ASSIGNMENT – A full, exact copy of the listing is needed, with images omitted.

DATA BELOW –
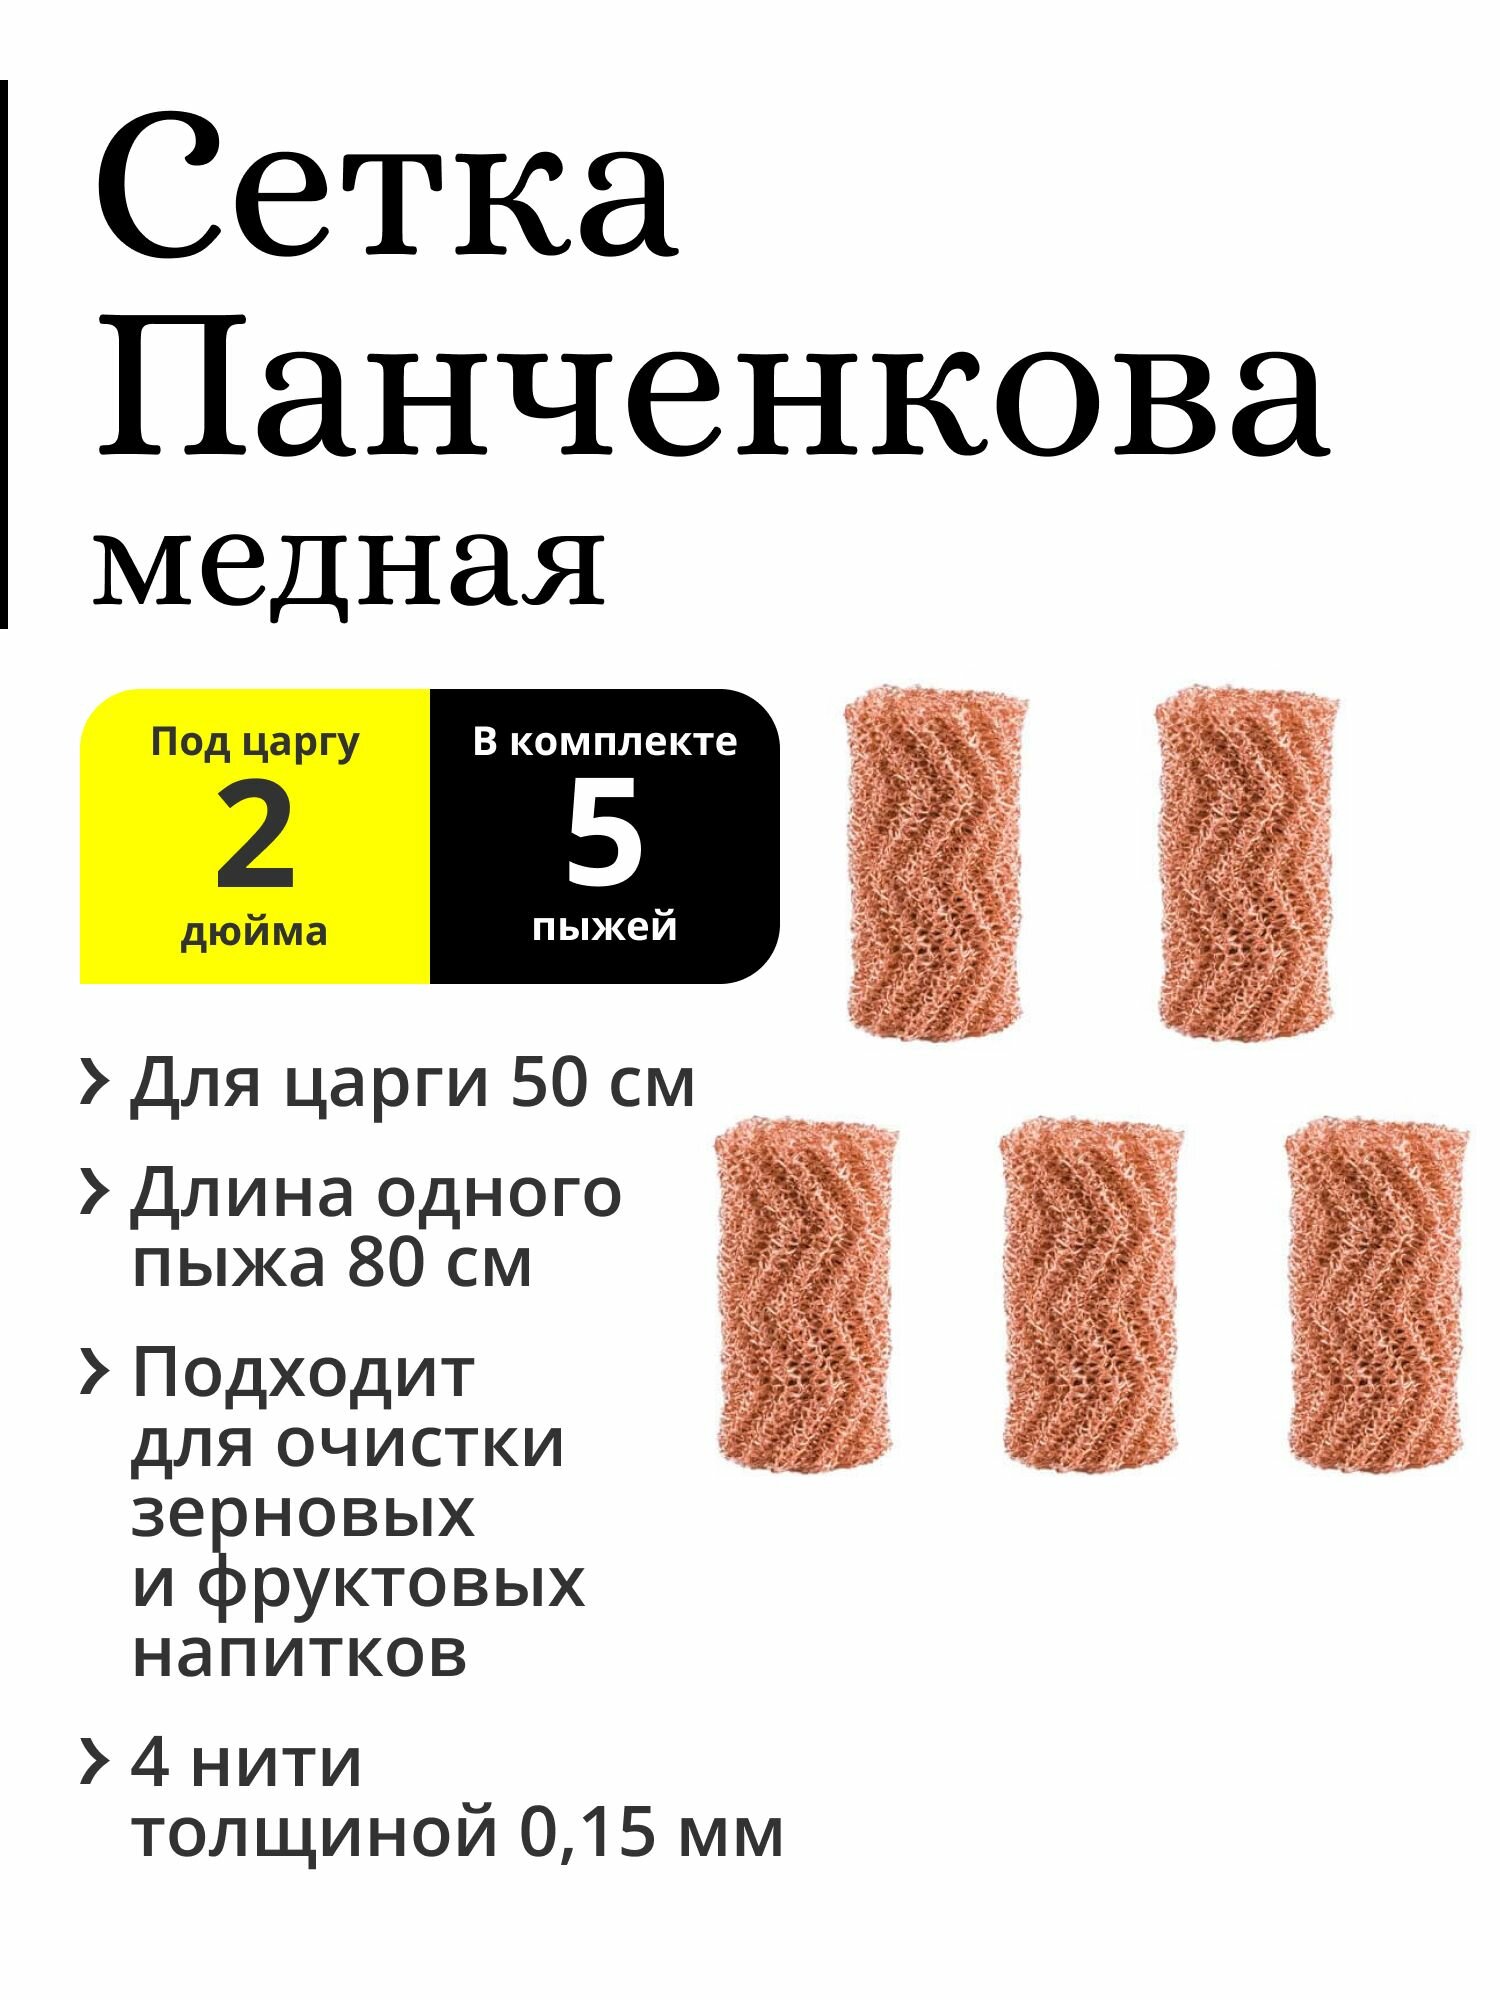 Комплект пыжей РПН (сетка Панченкова) 5 штук по 80 см (400 см), медная, 4 нити, для царги 2 дюйма 50 см
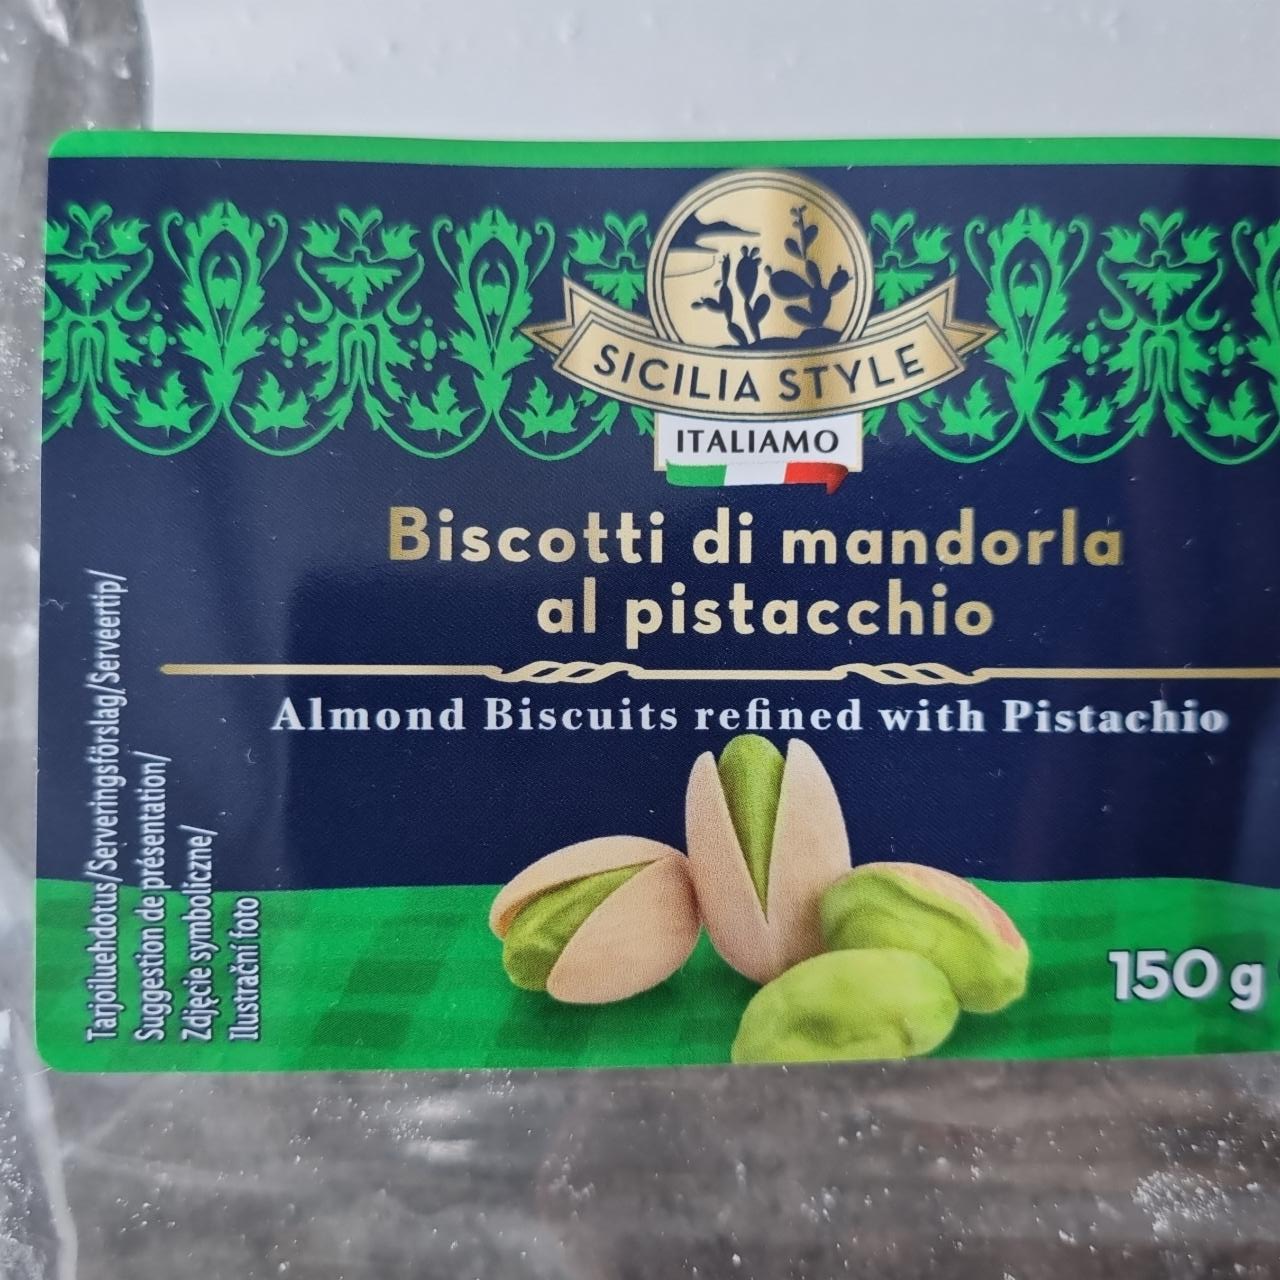 Fotografie - Biscotti di mandorla al pistacchio Italiamo
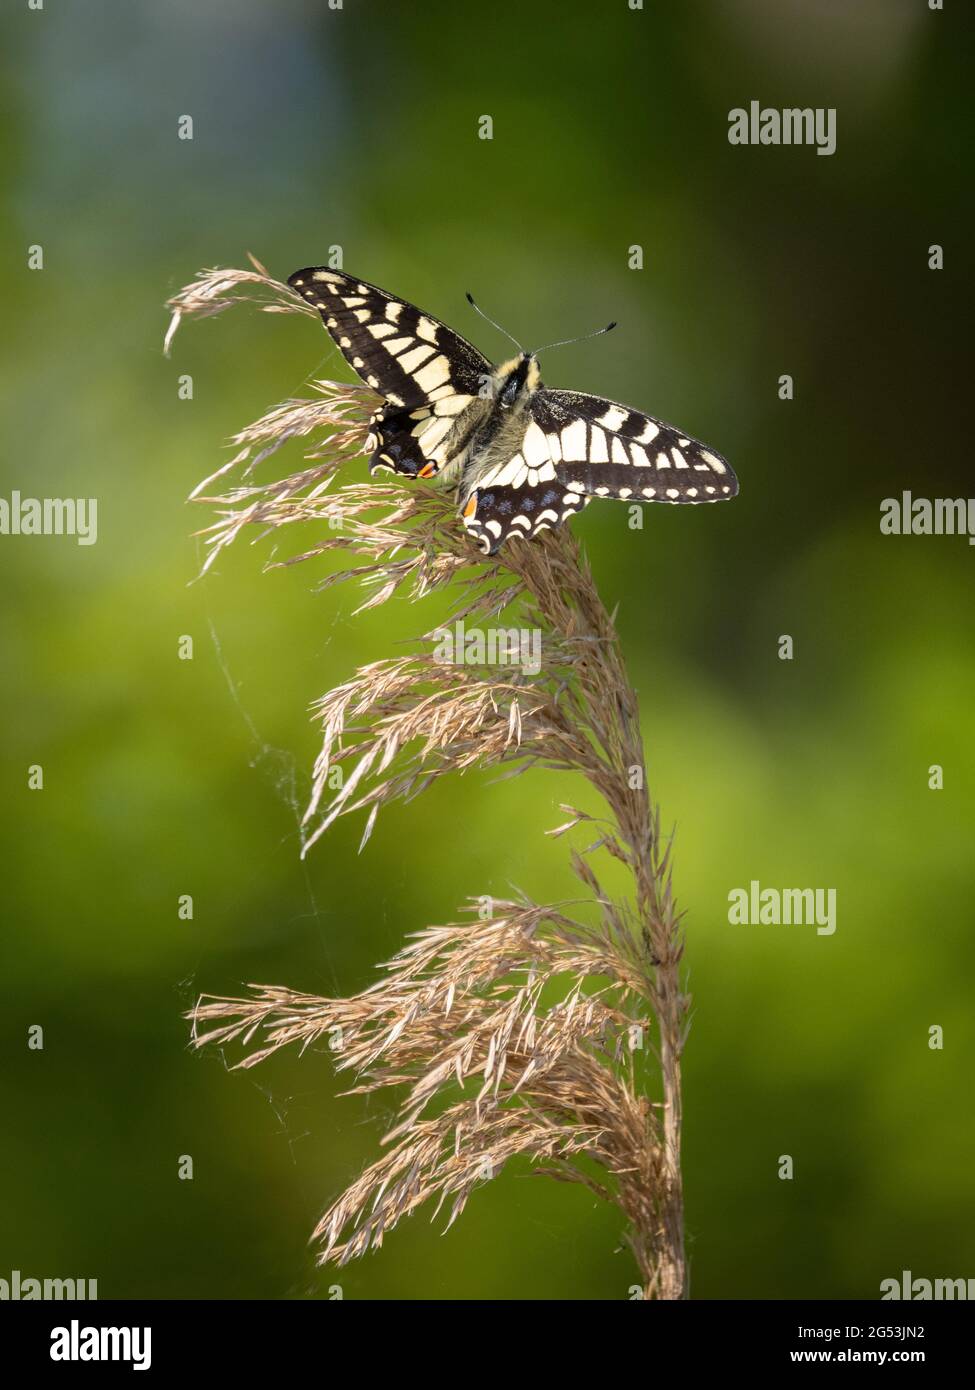 Nouveau papillon à queue d'aronde Papilio machaon Britannicus en vol inaugural à Hickling Broad, dans le Norfolk, au Royaume-Uni Banque D'Images
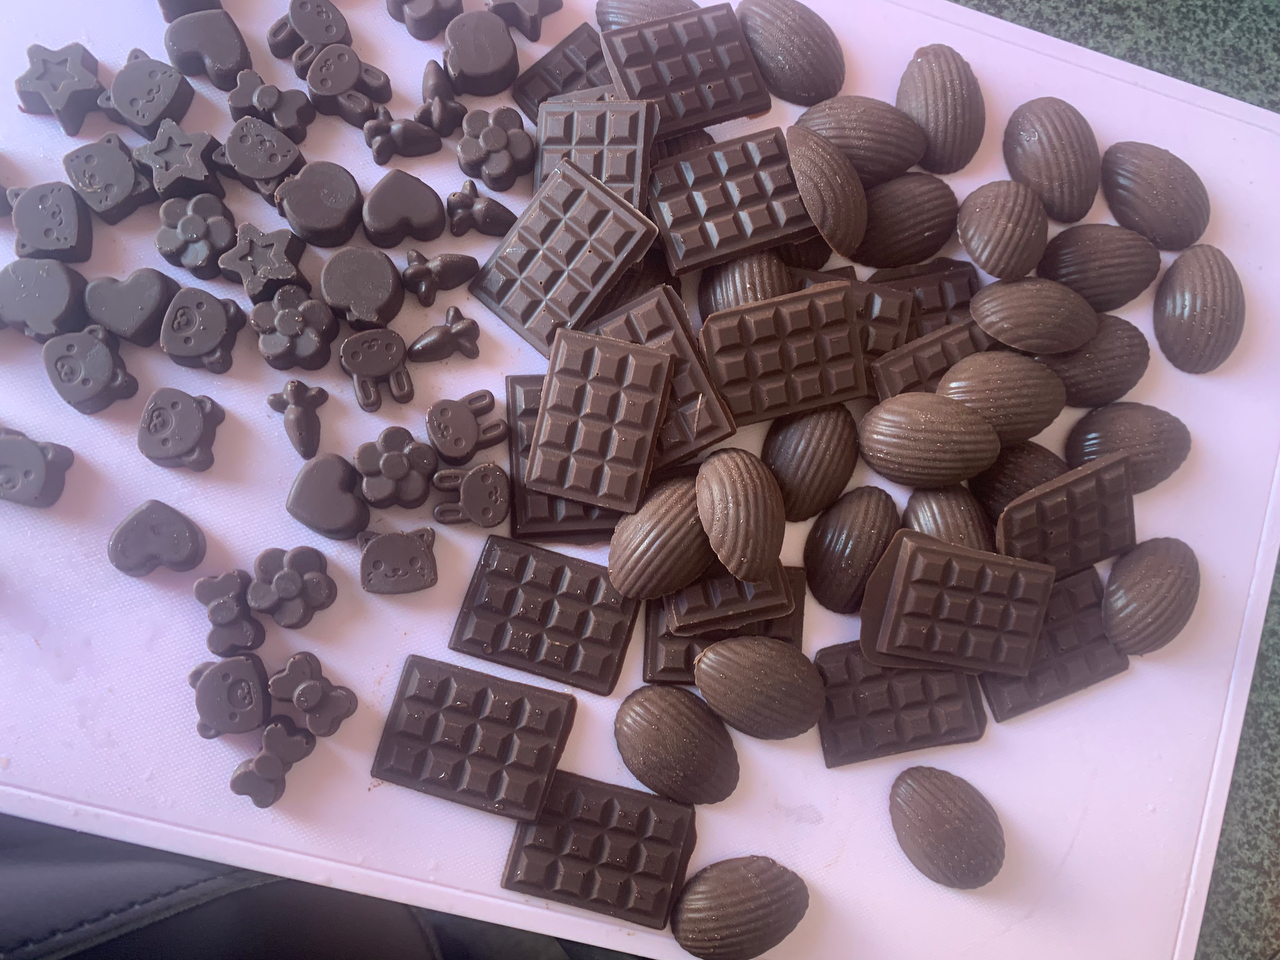 【自制无糖（纯天然代糖）巧克力系列】（之一）适合零基础的人能够看懂黑巧克力从原料到成型的全过程。告诉你自由调配各种黑巧的配方比例；附有65幅图片及视频讲解。

ANSWER SPACE –
 Комплект пыжей РПН (сетка Панченкова) 5 штук по 80 см (400 см), медная, 4 нити, для царги 2 дюйма 50 см
 Fotografie - Biscotti di mandorla al pistacchio Italiamo
 Nouveau papillon à queue d'aronde Papilio machaon Britannicus en vol inaugural à Hickling Broad, dans le Norfolk, au Royaume-Uni Banque D'Images
 【自制无糖（纯天然代糖）巧克力系列】（之一）适合零基础的人能够看懂黑巧克力从原料到成型的全过程。告诉你自由调配各种黑巧的配方比例；附有65幅图片及视频讲解。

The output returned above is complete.